3. It is the duty of the carrier to have his barges often examined and thoroughly inspected so as to be sure of their condition. He should not use a barge after she has become from age or decay or injury unfit for use, and should repair them often and well so long as they can by repairing be safely used, and no longer. For this he is to be held rigidly responsible.

The La Crosse & Minnesota Steam Packet Company, owners of the steamboat Northern Belle, and engaged in the carrying trade on the Upper Mississippi, undertook to carry for a certain Robson, in their barge Pat Brady, five thousand bushels of wheat from Hastings, in Minnesota, to La Crosse, in Wisconsin, and safely deliver the same, the unavoidable dangers of the river and fire only excepted. On the voyage, the barge was sunk and the wheat damaged, and the Home Insurance Company, which had given a policy on the wheat and paid it, filed a libel in admiralty against the steamer and her barge to recover the loss.

The principal question in issue was the seaworthiness of the barge. The injury occurred May 12. About the latter part of June following, after another accident and loss

Page 76 U. S. 527

of a cargo on the same barge, she was placed upon the ways for repairs.

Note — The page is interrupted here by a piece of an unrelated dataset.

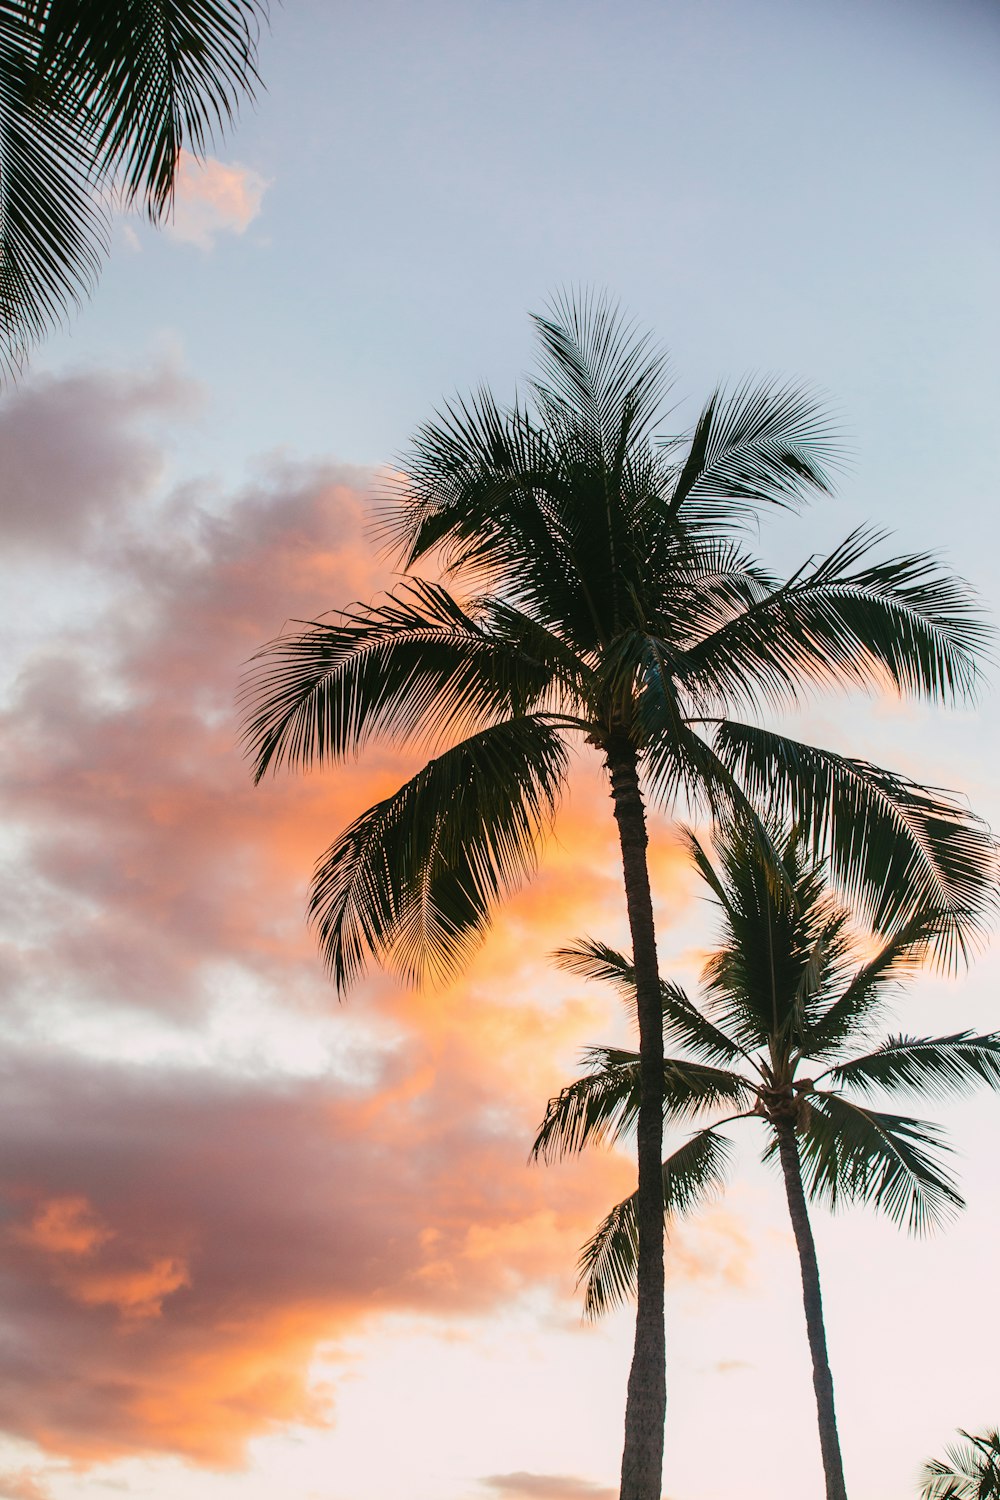 Palm Tree Sunset Pictures | Download Free Images on Unsplash
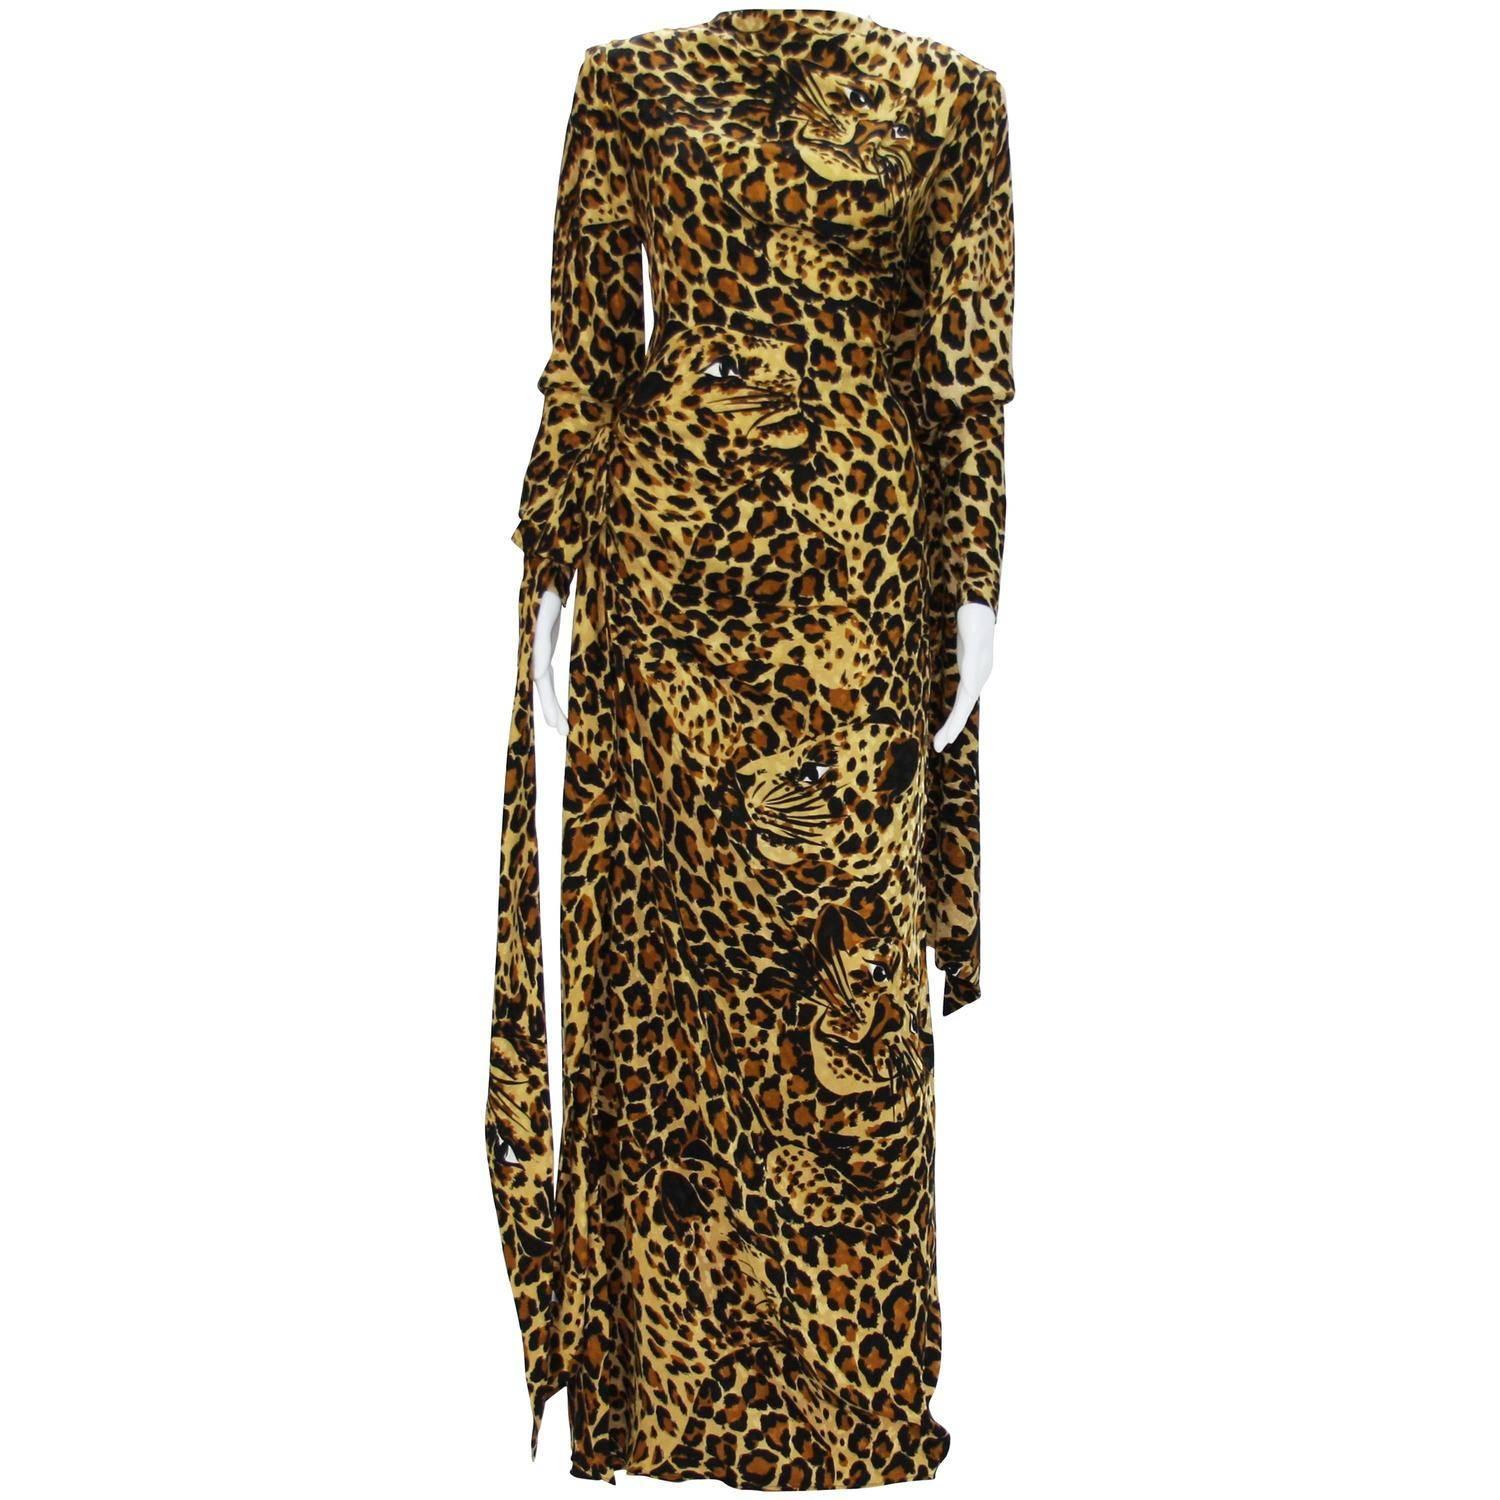 Yves Saint Laurent Runway F/W 1982/83 Leopard Silk Gown with High Slit Scarf Fr. For Sale

And the depositions of several witnesses who examined her carefully at this time were now before the court. One of these witnesses testified that he found over ninety timbers rotted and gone, so much so that they were not strong enough to make a fastening to. At one point, there were four side timbers rotted out, so as to leave about five feet without support. Her floor timber ends were much decayed. Another witness stated that on one side he found about fifty rotted timbers, some of them entirely rotted off; on the other side, about the same, fifteen or twenty of them rotted entirely off. A third witness, a ship carpenter, confirmed this, testifying that the effect of it would be that any strong pressure against her sides or bottom from getting aground or surging against a steamboat would cause her to leak -- an inference which it hardly needed a ship carpenter to draw for the court.

The evidence in the immediate case showed that on the occasion when the present catastrophe took place, the steamboat was descending the river in the night when a slight shock was felt on the barge, so slight that it was not communicated to the boat. It did not stop or retard either the barge or the boat, but in a few minutes the former was found to be sinking, and had to be grounded on the nearest sandbar. No rock or snag was proved to be in the river at the place where the stock first occurred.

The Pat Brady was an old barge which had been formerly called Fort Snelling. But about a year before this catastrophe, she had been repaired and sent forth with a new name.

The district court decreed in favor of the libellant, and the circuit court affirmed that decree. The case was now brought here by the packet company.